===== Data block

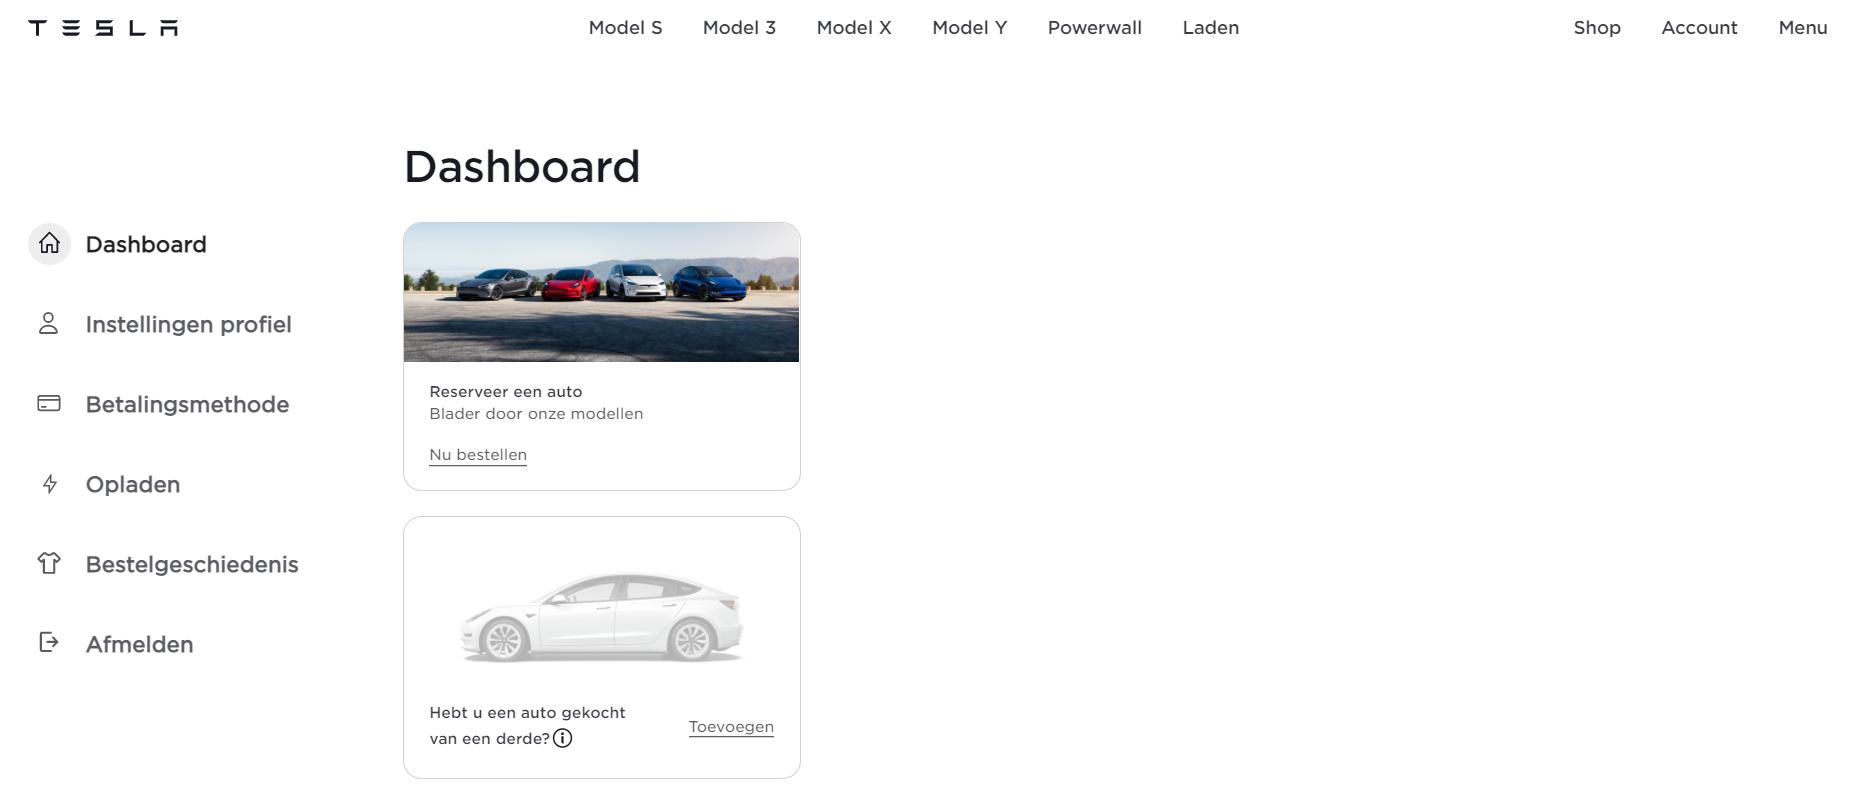 Tesla Web Account M.png
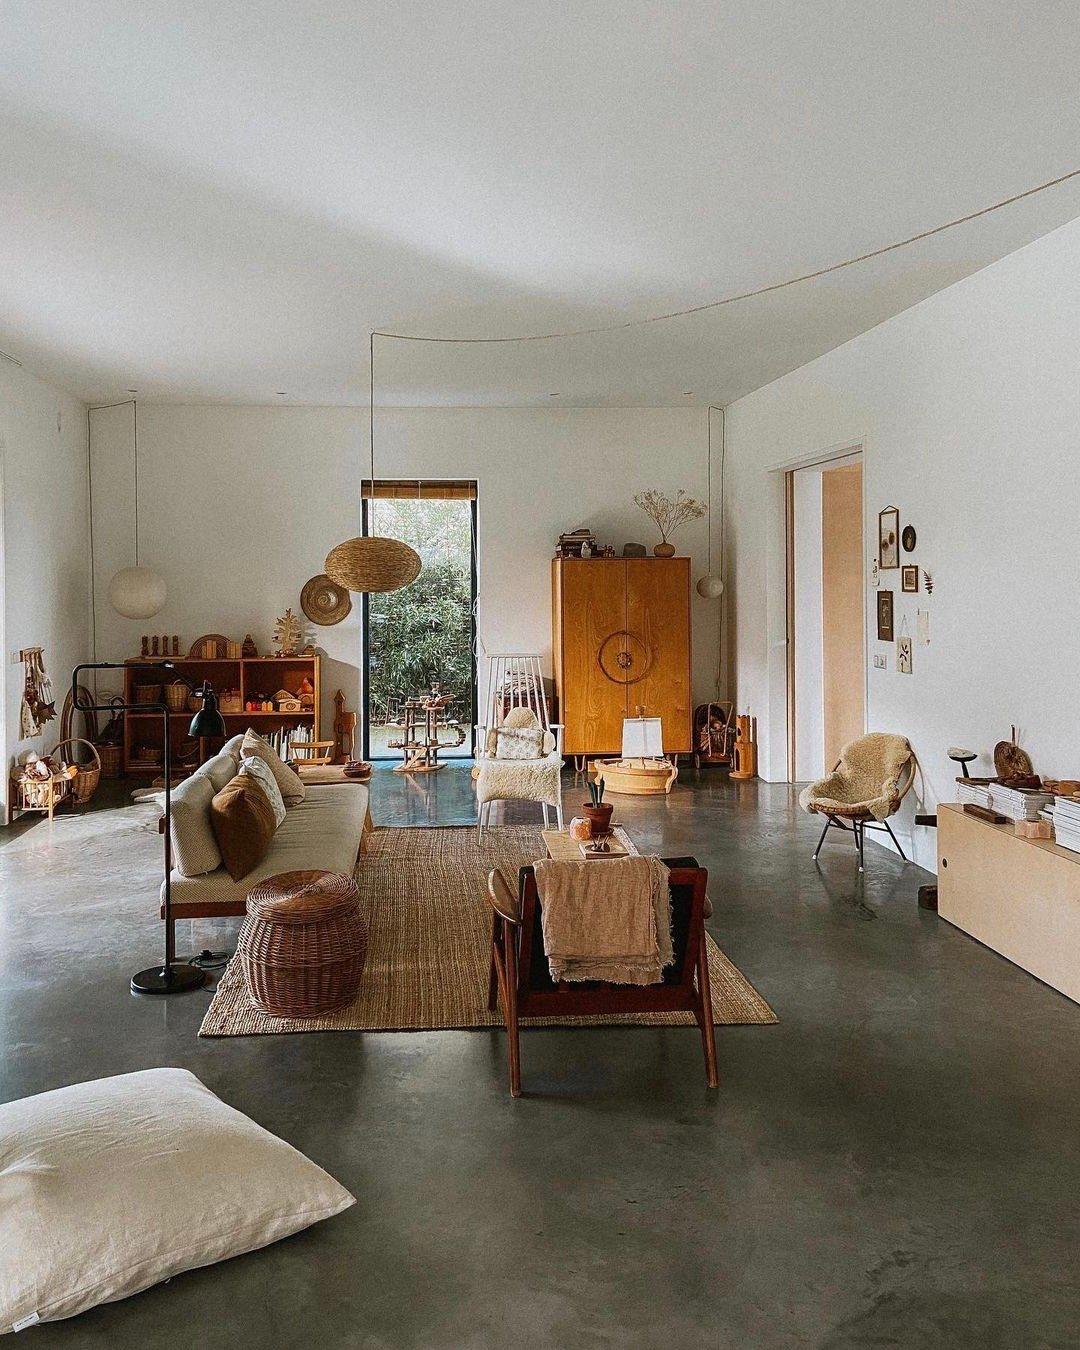 salon bohème wabi sabi vintage rotin minimaliste - blog décoration - clem aroundthecorner
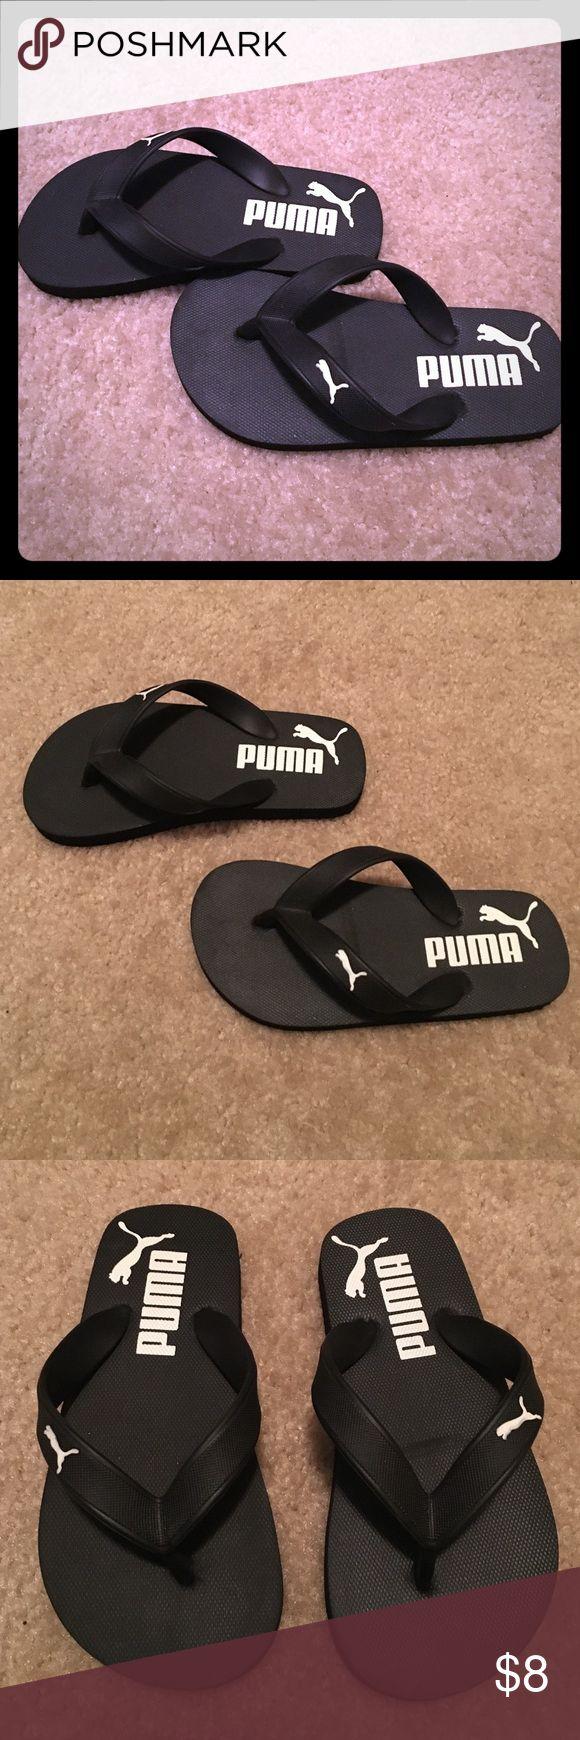 Puma black velcro sandals - Boys Puma Sandals Size 11 12

==========

> _Instructions to follow_: Reproduce all of the material exactly, apart from the pictures.

> _Expected answer_:
 Tesla Web Account M.png
 salon bohème wabi sabi vintage rotin minimaliste - blog décoration - clem aroundthecorner
 Puma black velcro sandals - Boys Puma Sandals Size 11 12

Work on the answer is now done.